Free Market Environmentalism
- First edition
- Author: Terry L. Anderson and Donald R. Leal
- Publisher: Pacific Research Institute for Public Policy
- Publication date: 1991
- ISBN: 0936488336

= Free Market Environmentalism =

1991 book by Terry L. Anderson and Donald R. Leal

Free Market Environmentalism is a book by Terry L. Anderson and Donald R. Leal that was of great importance to the free market environmentalist movement.

== Summary ==
The book focuses on a method of environmental protection with minimal bureaucratic intervention. Anderson and Leal argue that free markets have been making the environment cleaner for centuries and that private innovations, such as the energy consumption of cars, are more effective than government intervention. The book contains a number of case studies where juries recognize that a company is harming an individual and grant appropriate reparations. The central argument is that property rights, which are resolved through a direct transfer of payments between parties, are more effective as a form of environmental protection than government intervention through taxes.

== Reception ==
The book was intended as an ideological tract and a call to action, rather than as an empirical study. Glenn Fox of the American Journal of Agricultural Economics lauded the book for its readability and described its reference list as "one of the most comprehensive offerings currently available in this area."
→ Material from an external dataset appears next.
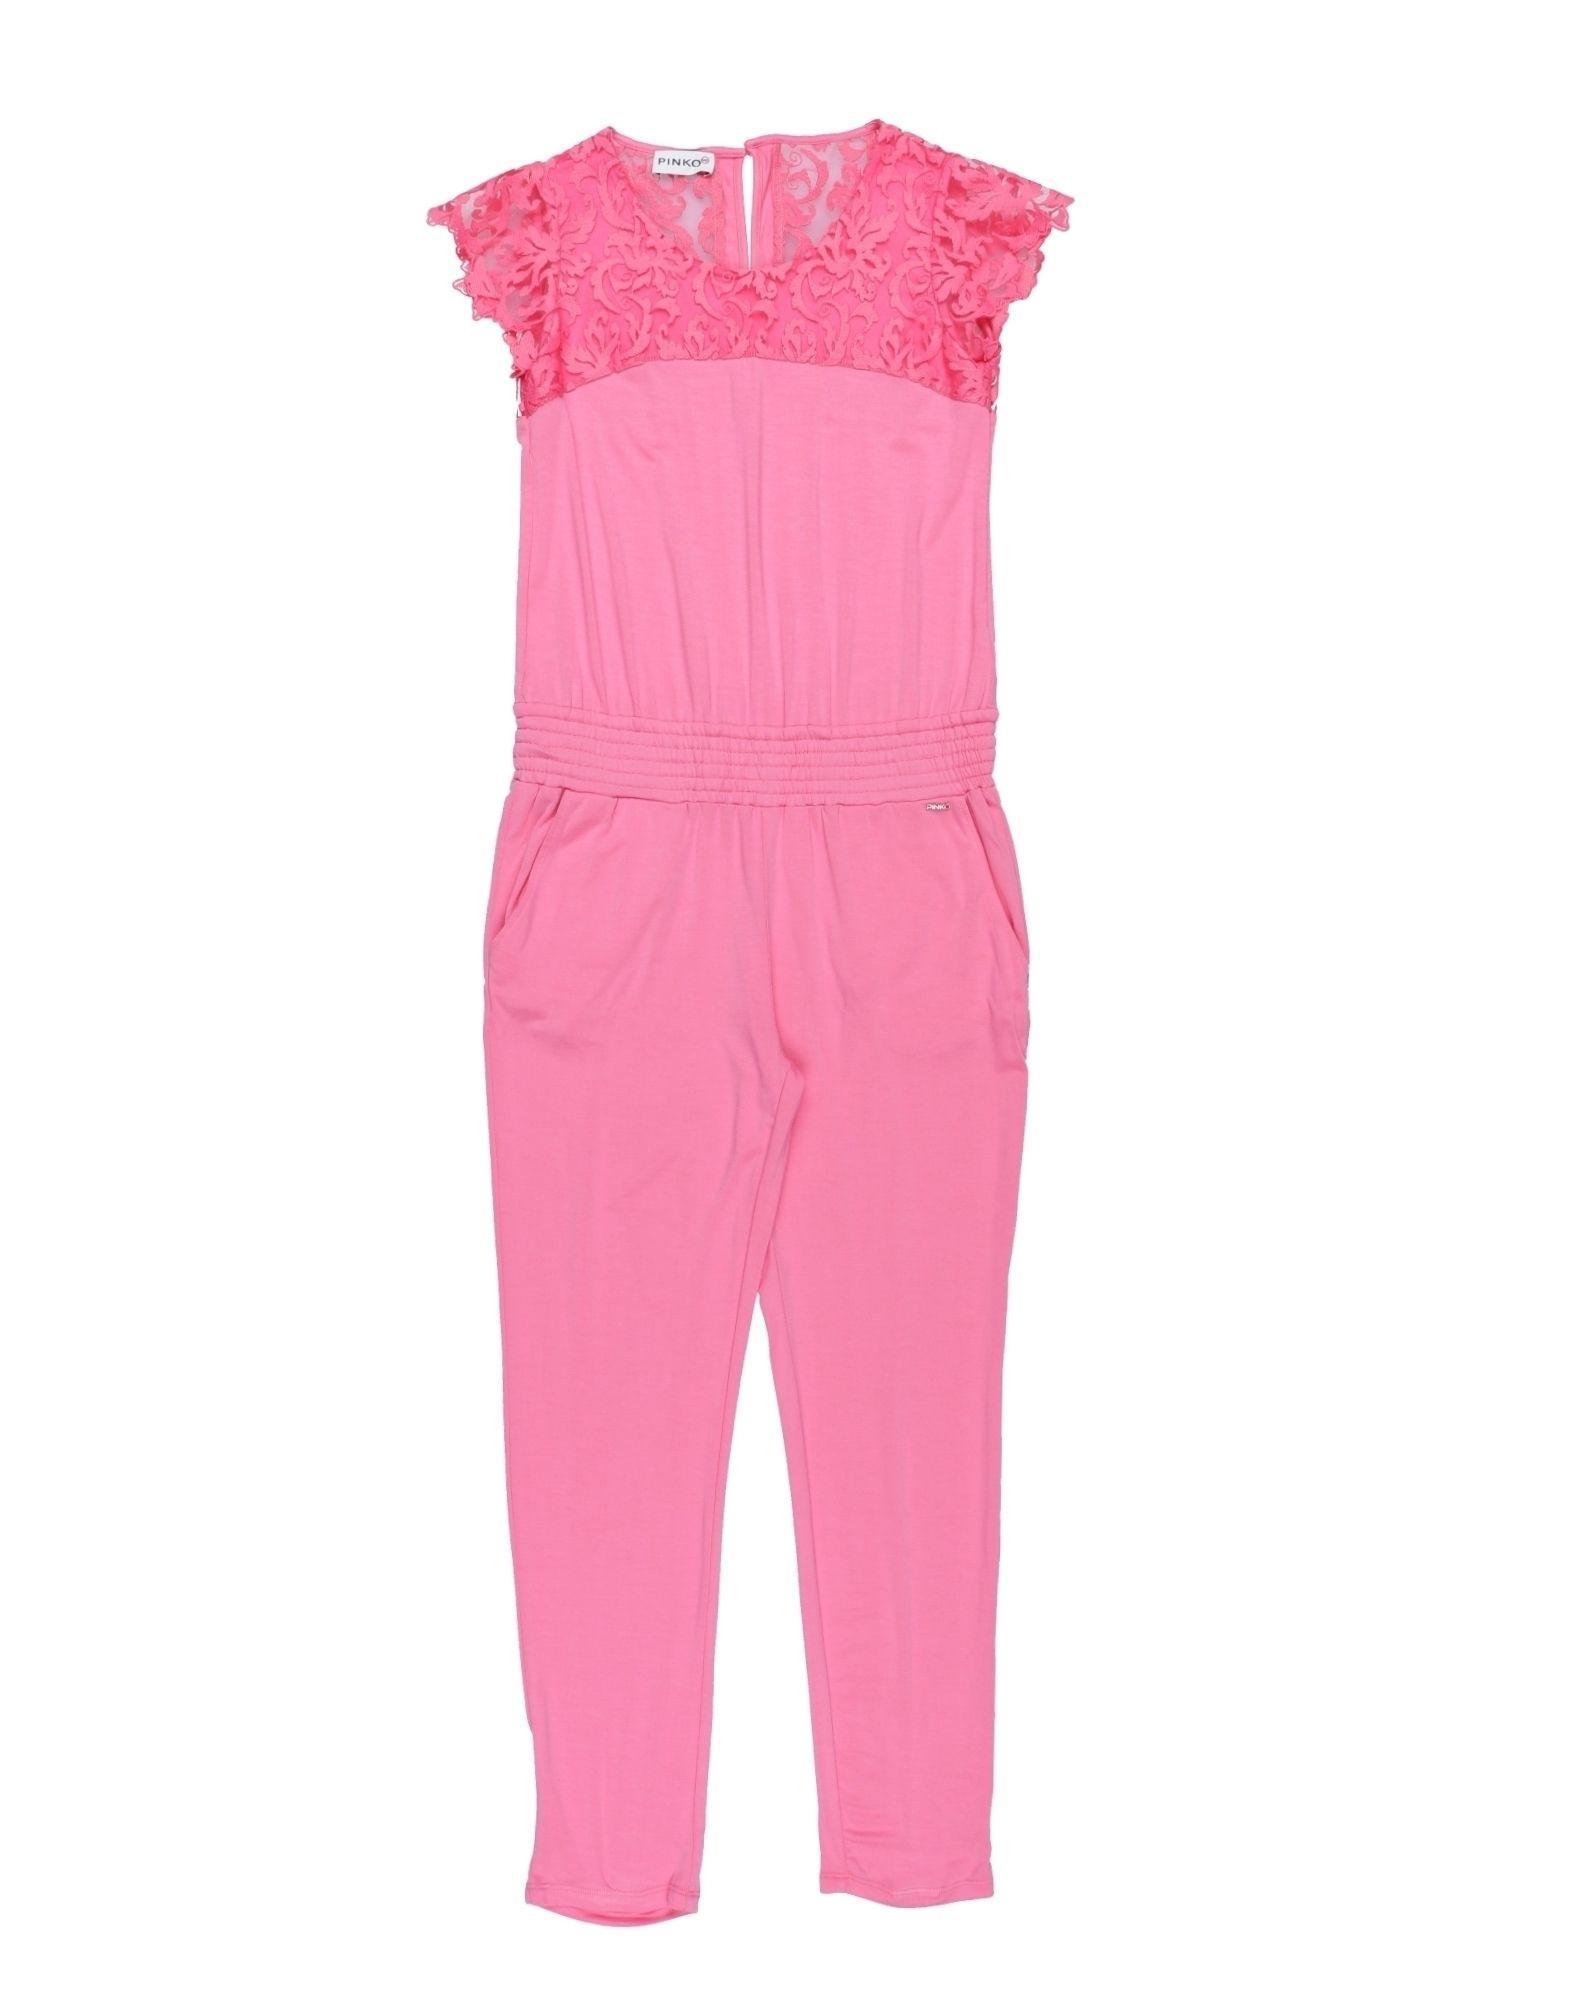 PINKO UP パンツジャンプスーツ ピンク

John A. Douglass of Forest & Conservation History praised the book for presenting the possibility of replacing zero-sum contests between industry and conservationists with markets that would allow for mutually acceptable arrangements. However, he also criticized the book as having a narrow assessment of environmental values and various policy options, and not weighing historical facts carefully.

David Pearce of The Economic Journal criticized the book for, in his view, not presenting a persuasive argument for tradeable permits, inasmuch as only one significant example of their application to water quality, and that a not very successful one, was cited. Pearce also criticized the book for not explaining how liability rules would work when pollutants are pervasive and synergistic.